Reputation: 133
I am trying to merge the 2 DataFrames below to get an output where each code is listed on each date and the quantity is filled as 0 if the code was not in the original dataframe on that date.
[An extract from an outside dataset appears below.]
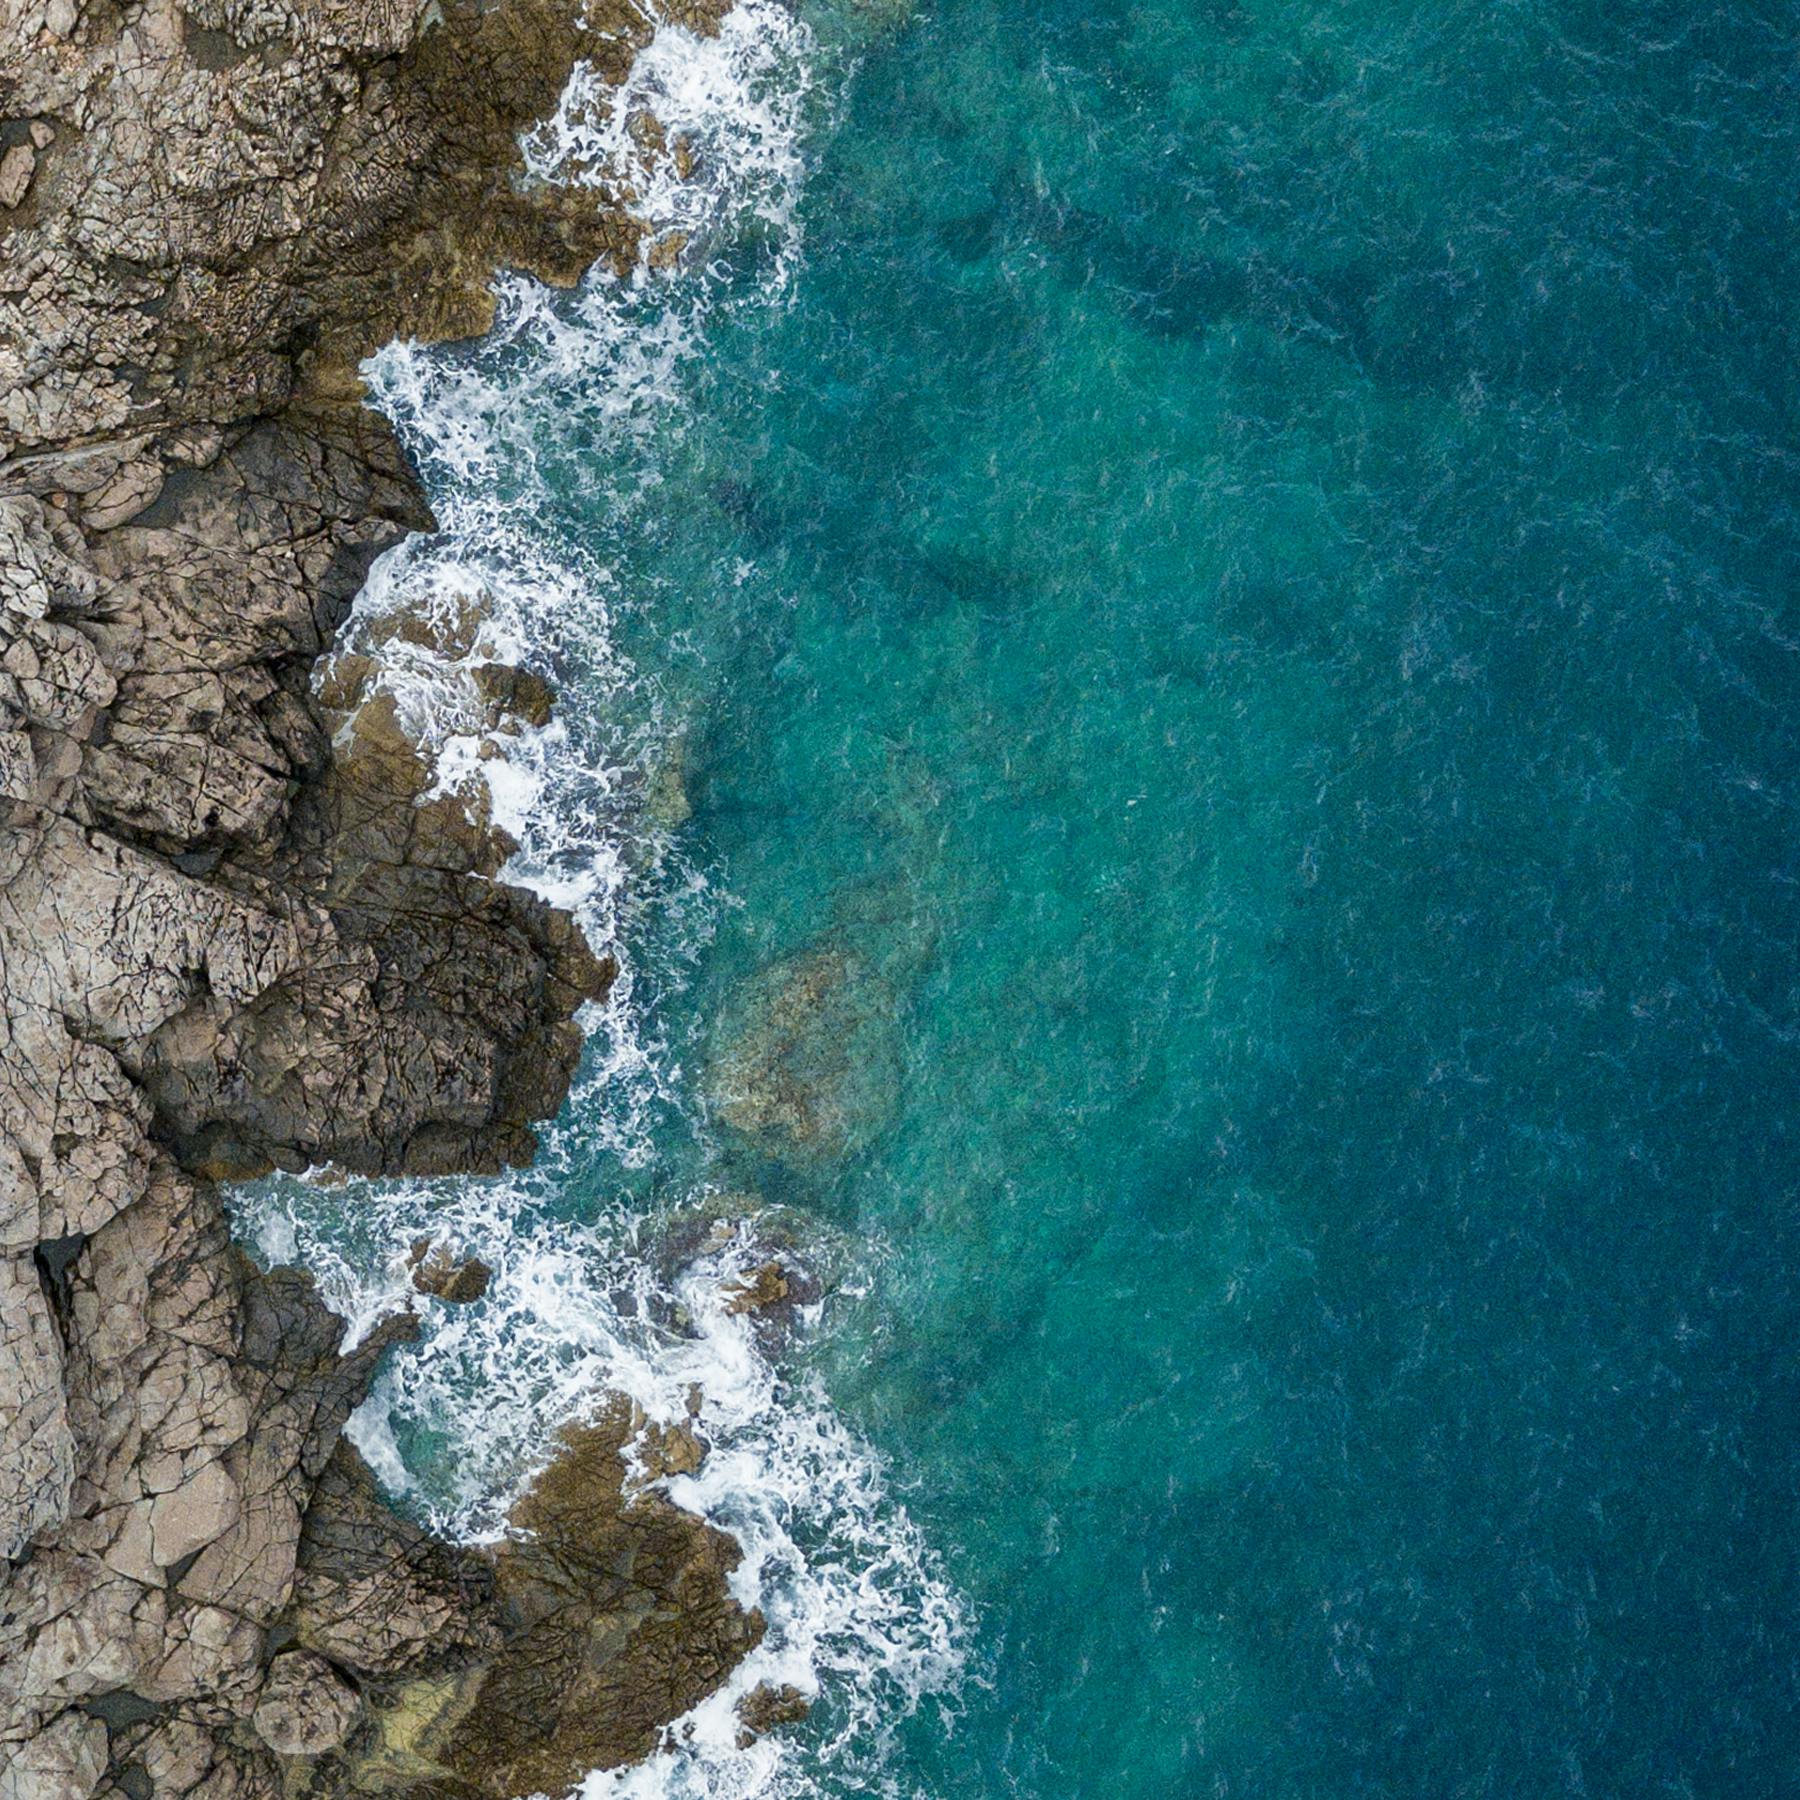 a bird's eye view of the ocean and rocks.

I have put an example of my input and desired output below but my live data will have over a years worth of dates and over 20,000 codes.
Input data:
df1
date
0 2021-05-03
1 2021-05-04
2 2021-05-05
3 2021-05-06
4 2021-05-07
5 2021-05-08
6 2021-05-09
7 2021-05-10
df2
date code qty
0 2021-05-03 A 2
1 2021-05-06 A 5
2 2021-05-07 A 4
3 2021-05-08 A 5
4 2021-05-10 A 6
5 2021-05-04 B 1
6 2021-05-08 B 4
Desired Output:
date code qty
03/05/2021 A 2
03/05/2021 B 0
04/05/2021 A 0
04/05/2021 B 1
05/05/2021 A 0
05/05/2021 B 0
06/05/2021 A 5
06/05/2021 B 0
07/05/2021 A 4
07/05/2021 B 0
08/05/2021 A 5
08/05/2021 B 4
09/05/2021 A 0
09/05/2021 B 0
10/05/2021 A 6
10/05/2021 B 0
I have tried the below merge but the output I get does not seem to be as desired:
df_new = df1.merge(df2, how='left', on='date')
date code qty
0 2021-05-03 A 2.0
1 2021-05-04 B 1.0
2 2021-05-05 NaN NaN
3 2021-05-06 A 5.0
4 2021-05-07 A 4.0
5 2021-05-08 A 5.0
6 2021-05-08 B 4.0
7 2021-05-09 NaN NaN
8 2021-05-10 A 6.0
Upvotes: 3
Views: 513
Reputation: 59529
This is better suited for a reindex
. You create all combinations, set the index, reindex to all of those combinations, fillna and then reset the index.
import pandas as pd
idx = pd.MultiIndex.from_product([df1.date, df2['code'].unique()],
names=['date', 'code'])
df2 = (df2.set_index(['date', 'code'])
.reindex(idx)
.fillna(0, downcast='infer')
.reset_index())
date code qty
0 2021-05-03 A 2
1 2021-05-03 B 0
2 2021-05-04 A 0
3 2021-05-04 B 1
4 2021-05-05 A 0
5 2021-05-05 B 0
6 2021-05-06 A 5
7 2021-05-06 B 0
8 2021-05-07 A 4
9 2021-05-07 B 0
10 2021-05-08 A 5
11 2021-05-08 B 4
12 2021-05-09 A 0
13 2021-05-09 B 0
14 2021-05-10 A 6
15 2021-05-10 B 0
Upvotes: 3
Reputation: 150735
One option with pivot
and stack
:
(df2.pivot_table(index='date', columns='code', fill_value=0)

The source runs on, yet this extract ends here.